ACTION ITEM → Copy exactly, and only, the lines from the one with "THE MAN SHOP ACTIVATED CHARCOAL FACE WASH" to the end of the listing; omit pictures.

PROVIDED DATA →

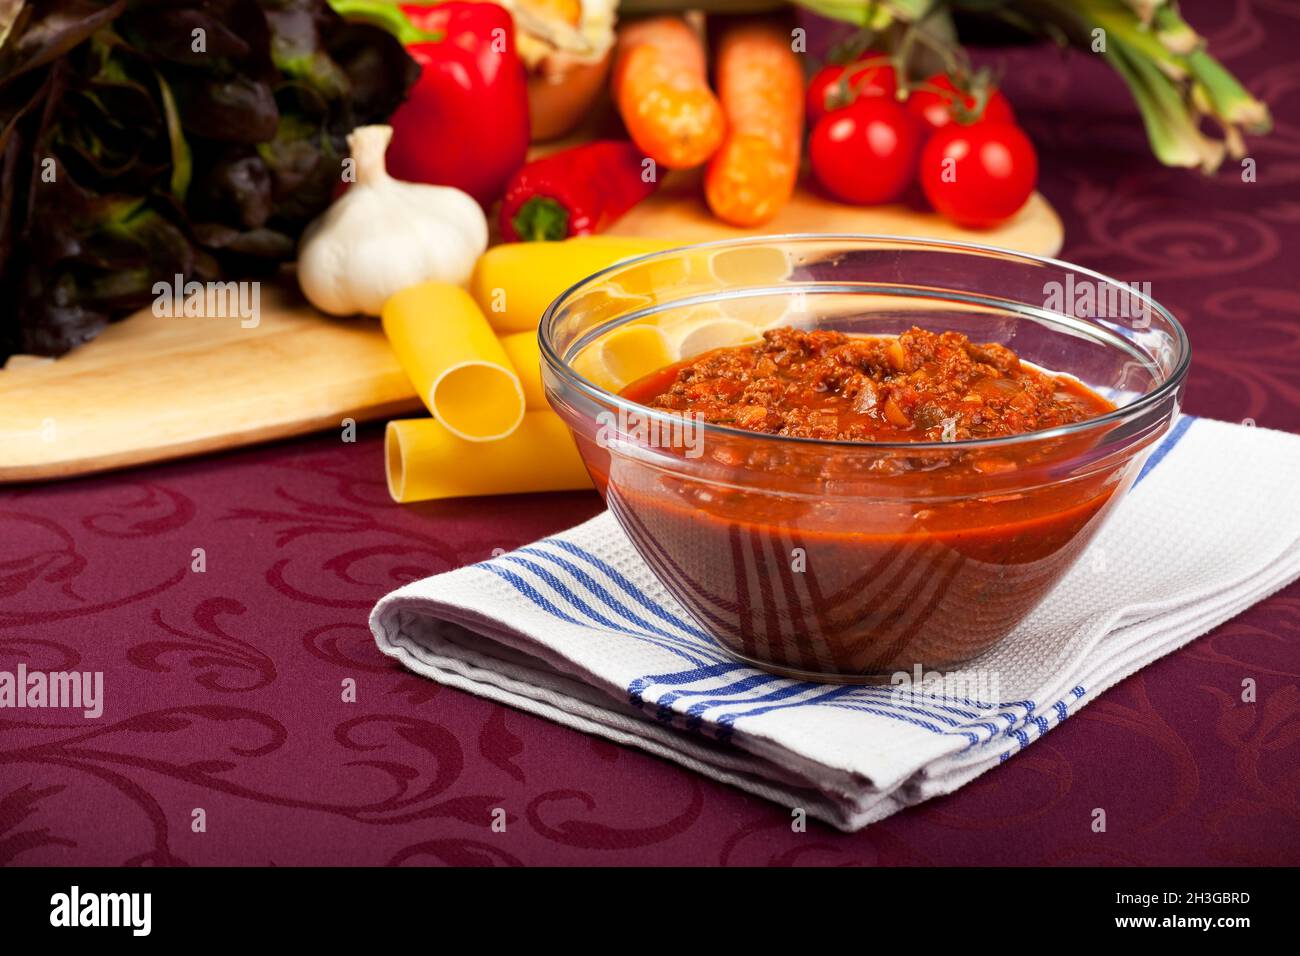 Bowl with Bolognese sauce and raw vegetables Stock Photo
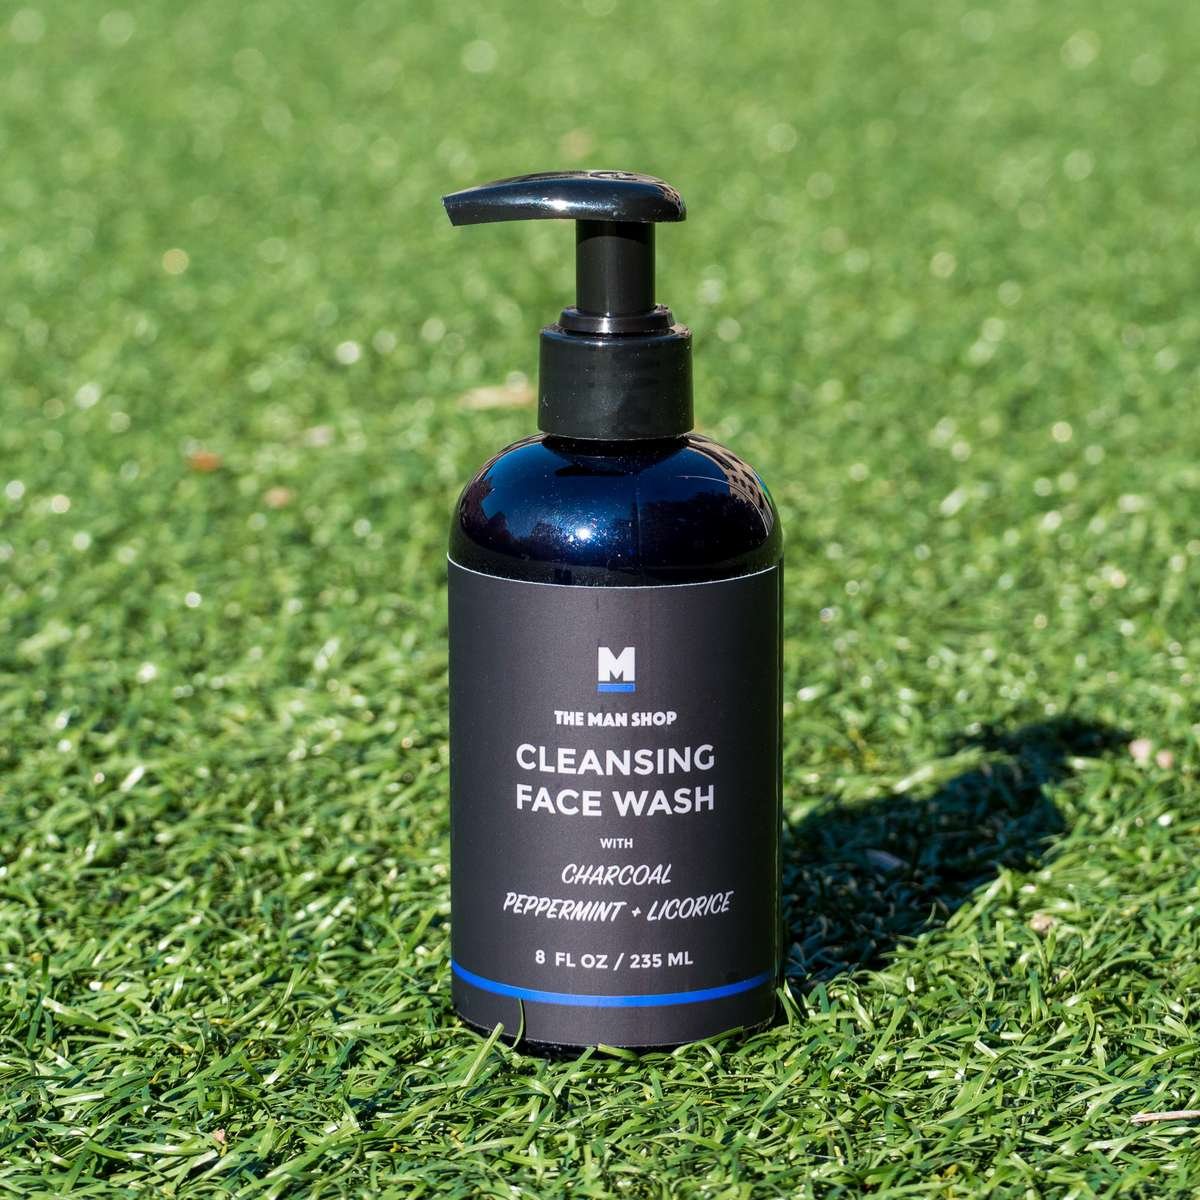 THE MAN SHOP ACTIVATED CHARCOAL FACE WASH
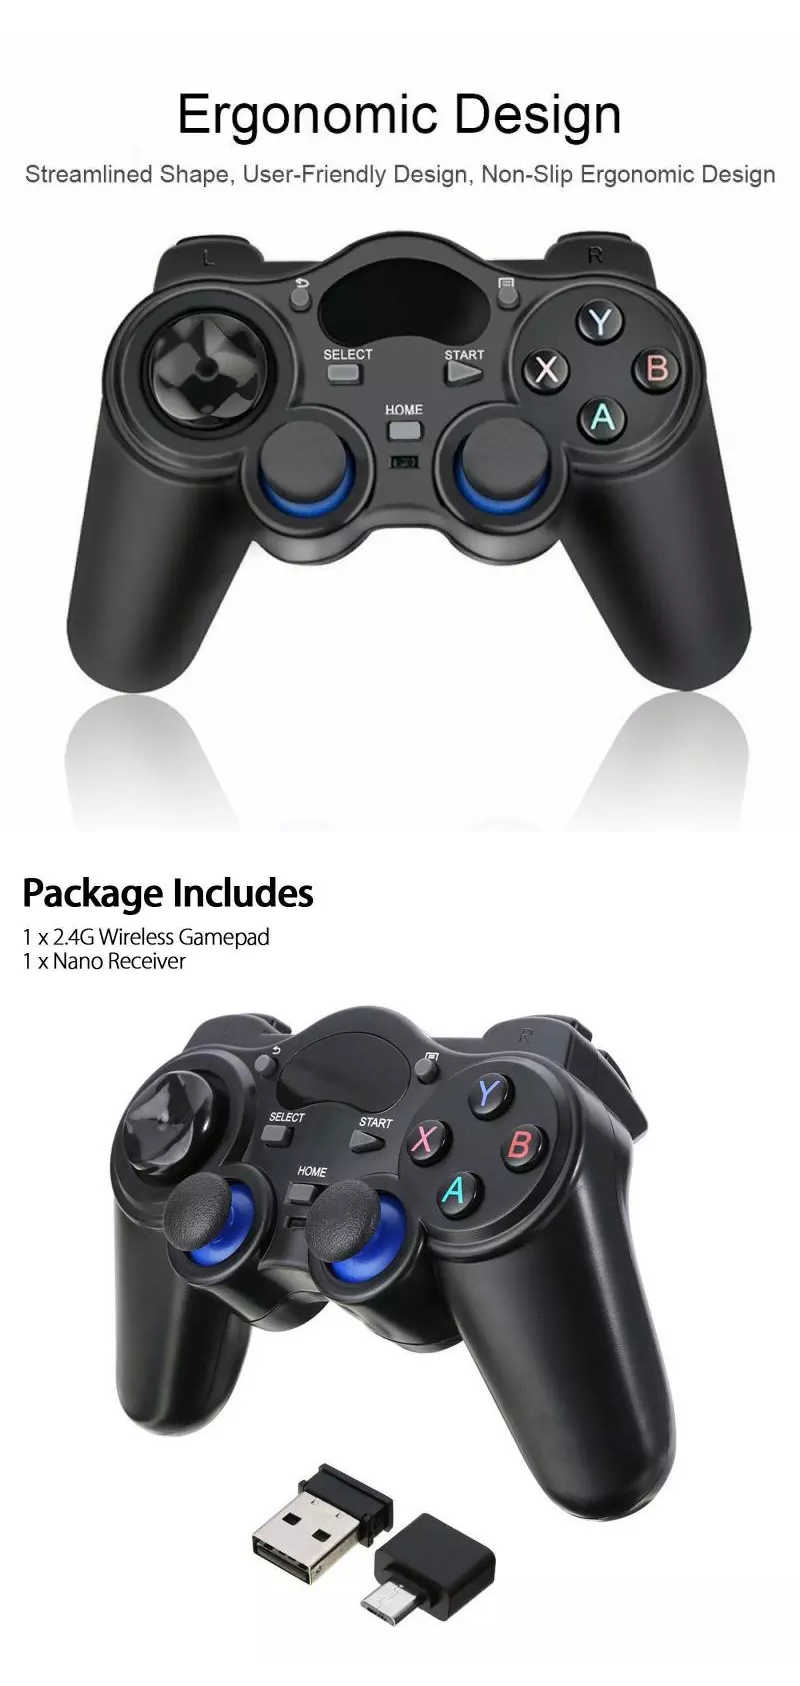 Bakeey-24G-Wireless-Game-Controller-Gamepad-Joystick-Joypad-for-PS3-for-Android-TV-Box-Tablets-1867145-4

SOLVED EXERCISE →
 THE MAN SHOP ACTIVATED CHARCOAL FACE WASH
 Bakeey-24G-Wireless-Game-Controller-Gamepad-Joystick-Joypad-for-PS3-for-Android-TV-Box-Tablets-1867145-4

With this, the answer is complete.